Sustainable household spending has kept price pressures from slowing appreciably. Fed officials left interest rates unchanged on Wednesday but hinted at more tightening ahead. Their new quarterly forecasts expect stronger economic growth and underlying inflation.
Receipts at restaurants and bars — the only service-sector category in the report — rose 0.4 percent.
The retail sales report will help shape economists’ estimates for personal spending and gross domestic product in the second quarter. Before the figures, the Atlanta Fed’s GDPNow forecast expected a 1.4 percent annualised increase in consumption for the period.

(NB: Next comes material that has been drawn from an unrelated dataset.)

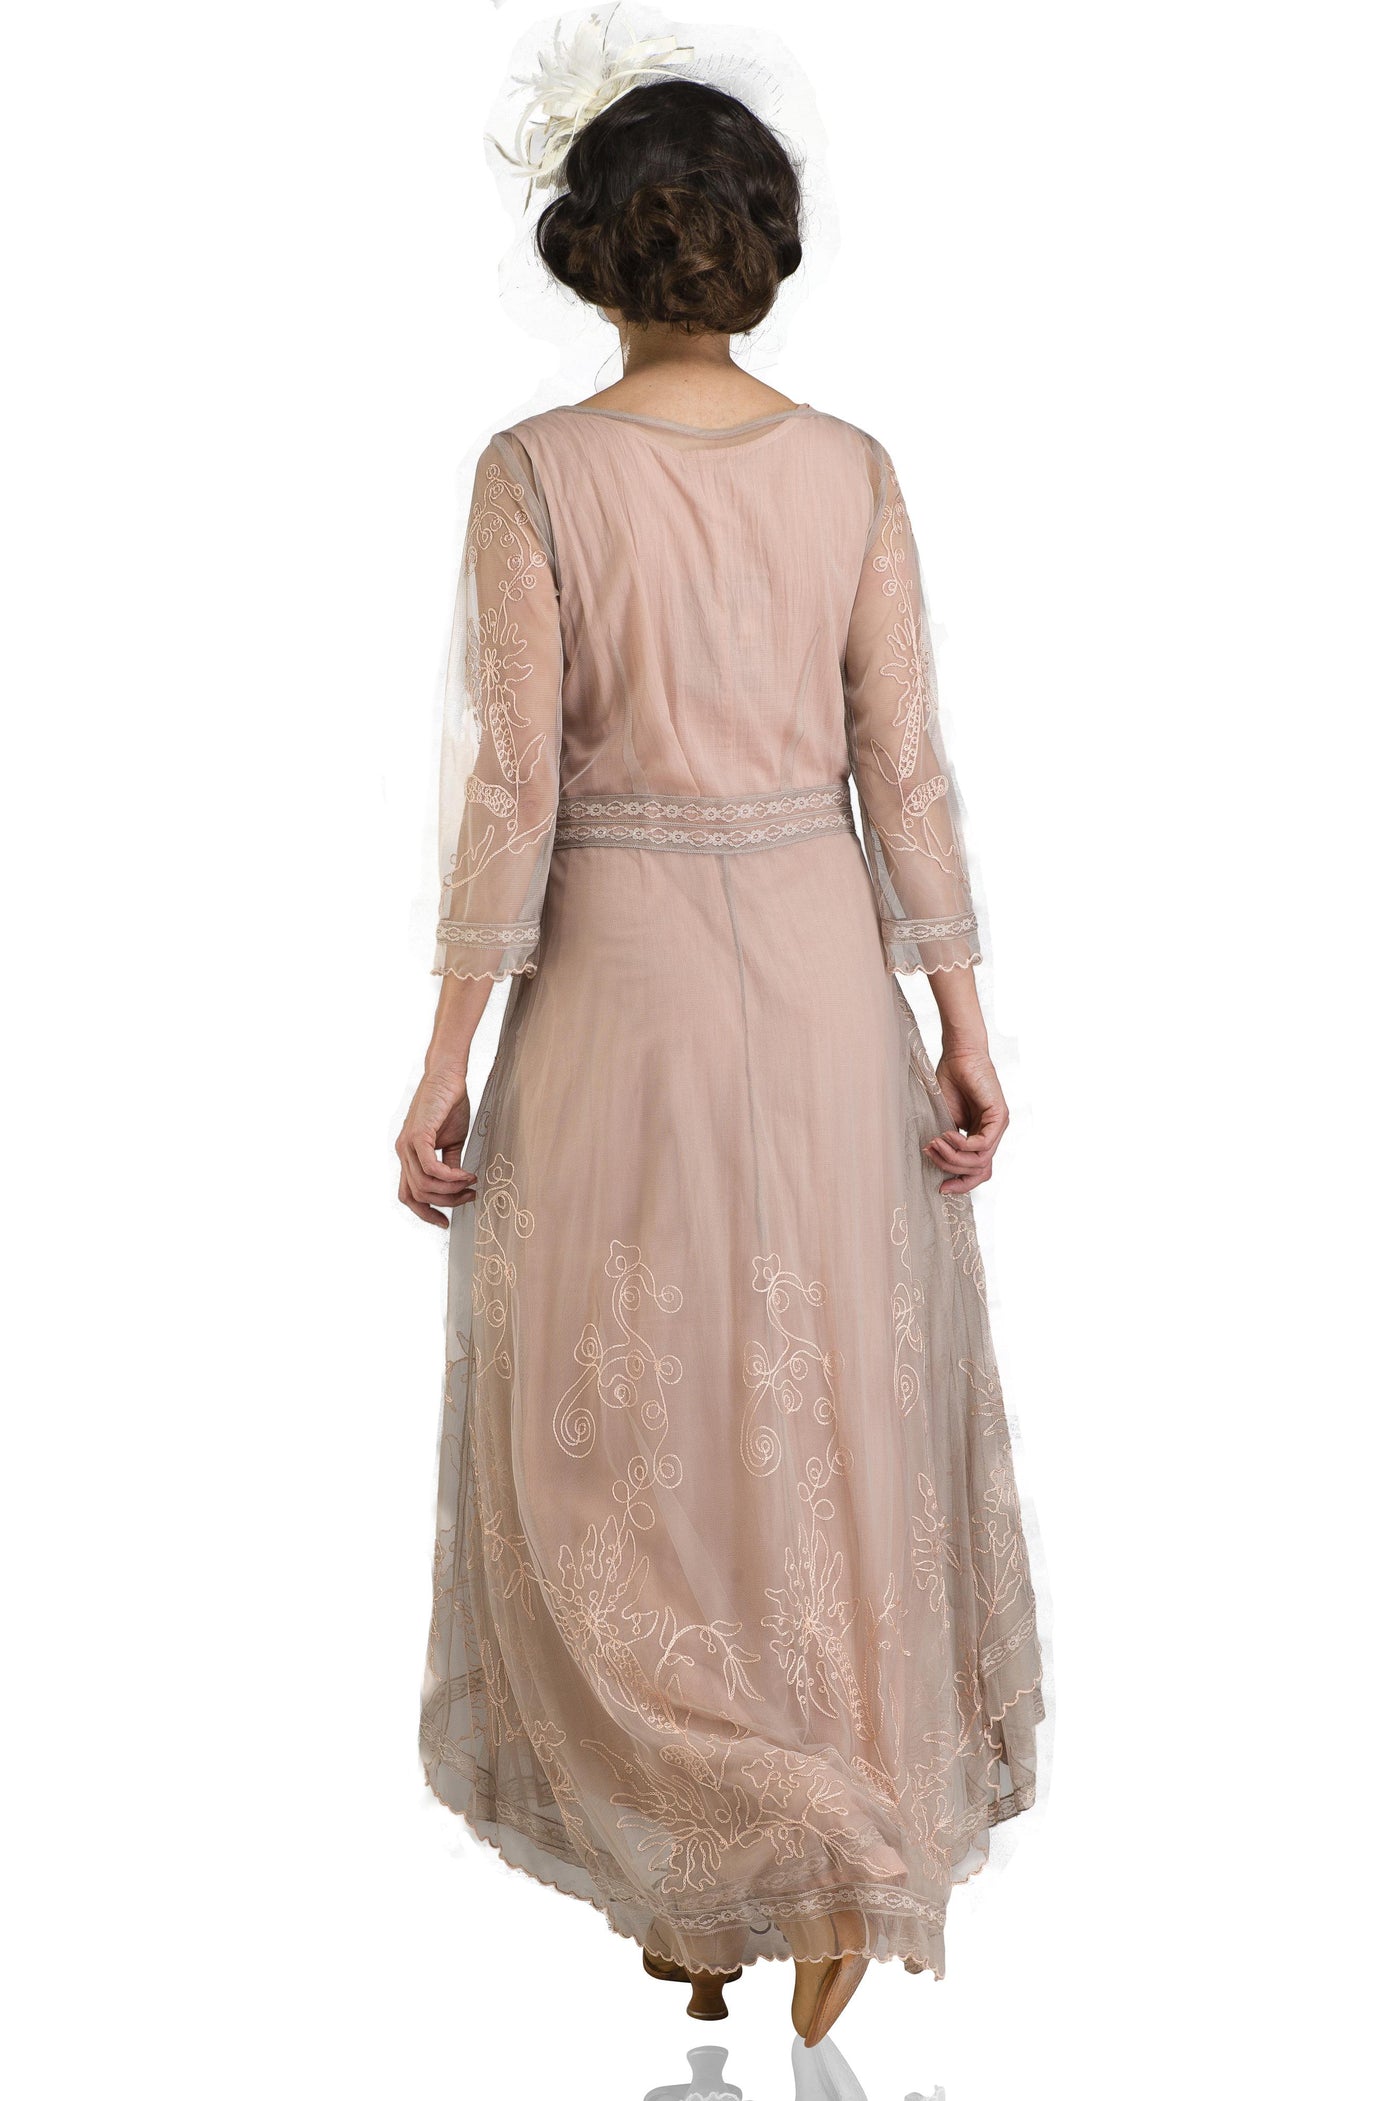 Downton Abbey Tea Party Gown 40163 in Quartz by Nataya

So-called control group sales — which are used to calculate GDP and exclude food services, auto dealers, building materials stores and gasoline stations — advanced 0.2 percent in May after rising 0.6 percent in the prior month. Consumer spending accounts for about two-thirds of GDP.
The control group sales “suggest household spending will remain positive but will decelerate in the second quarter,” Rubeela Farooqi, chief US economist at High Frequency Economics, said in a note.
Because the retail sales data aren’t adjusted for changing prices and only include one service-sector category, it can be difficult to draw concrete conclusions. More complete inflation-adjusted data on May outlays, including services, are due later this month.
A separate report Thursday showed applications for US unemployment benefits last week stayed at the highest level since late 2021.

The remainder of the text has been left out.